General
- Often associated with discitis,
- Spondylodiscitis = Discitis + vertebral osteomyelitis
- VO has features similar to spinal epidural abscess (SEA)
Complications following VO
- Spinal epidural abscess
- Subdural abscess
- Meningitis
- Bony instability
- Progressive neurologic impairment
- Vertebral body collapse → kyphotic deformity
- Retropulsion of necrotic bone and disc fragments → compress spinal cord or CE
- Unique to cervical spine involvement: pharyngeal abscess
- Unique to thoracic spine involvement: mediastinitis
Epidemiology
- Vertebral osteomyelitis (VO) comprises 2–4% of all cases of osteomyelitis.
- Incidence
- 1:250,000 in general population.
- On the rise
- Incidence increases with age; most patients are > 50 years old.

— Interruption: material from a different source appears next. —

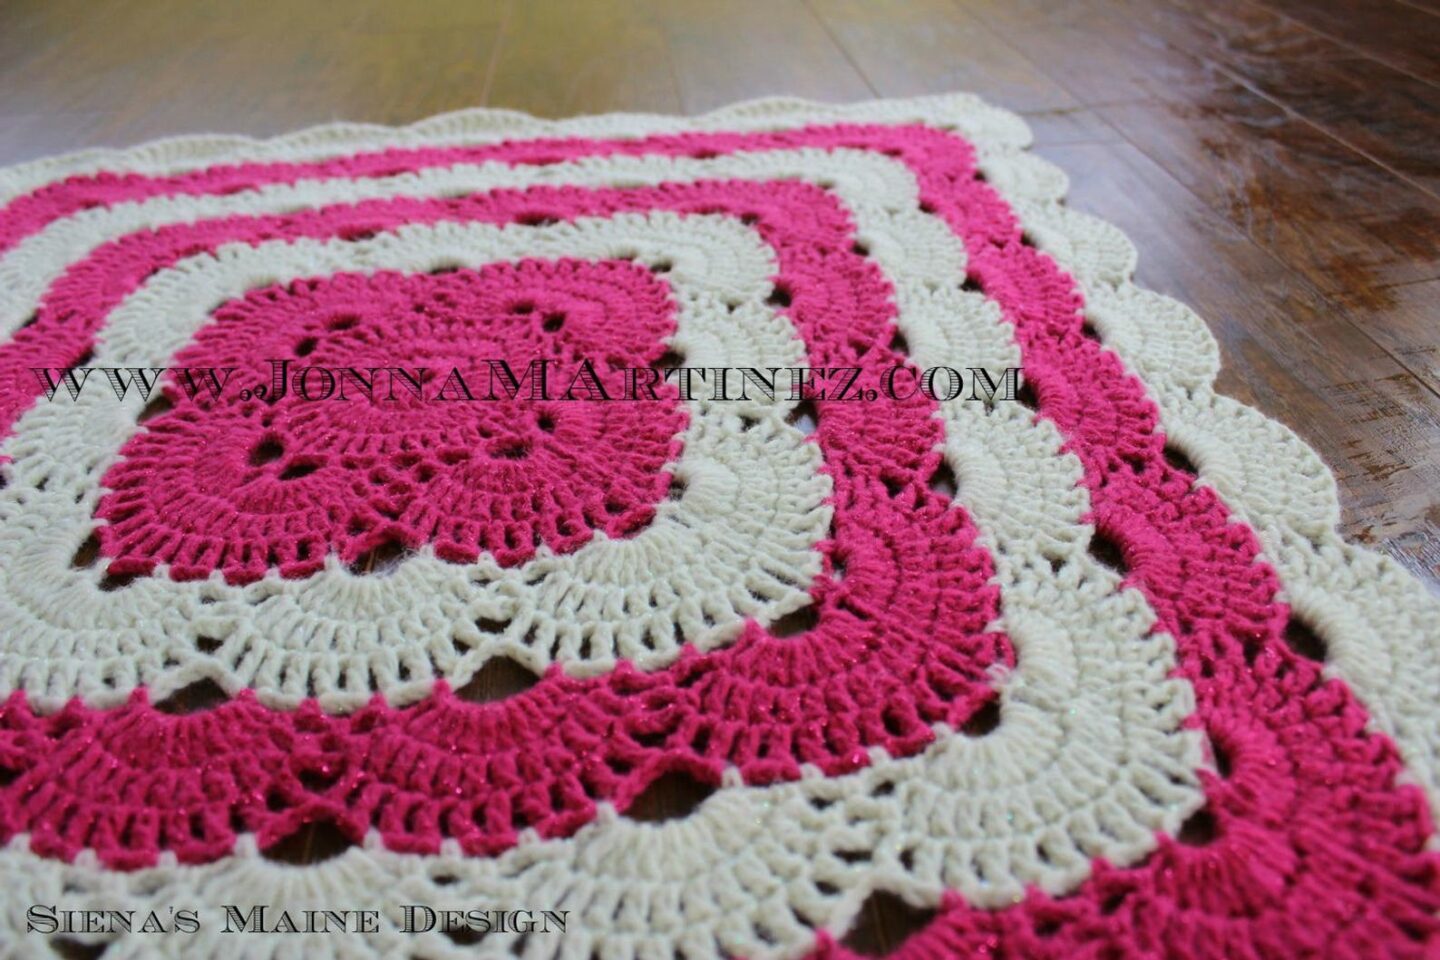 Crochet patterns that look great with self striping yarn!

- Male : female ratio is 2:1.
- Mortality 2-20%
Level (most to least common)
- Lumbar spine
- Is the most common site,
- Thoracic
- Thoracic VO may → empyema
- Cervical
- Sacrum
Risk factors
- IV drug abuse
- Diabetes mellitus
- Susceptible to unusual bacterial infections and even fungal osteomyelitis
- Hemodialysis
- A diagnostic challenge since radiographic changes of osteomyelitis can occur even in the absence of infection; see Destructive lesions of the spine
- Immunosuppression
- AIDS
- Chronic corticosteroid use
- Ethanol abuse
- Infectious endocarditis
- Following spinal surgery or invasive diagnostic or therapeutic procedures
- May occur in elderly patients with no other identifiable risk factors
Clinical
- Signs & symptoms
- Localized pain (90%),
- Fever (52%, with fever spikes and chills being rare),
- Weight loss,
- Paraspinal muscle spasm,
- Radicular symptoms (50–93%) or myelopathy.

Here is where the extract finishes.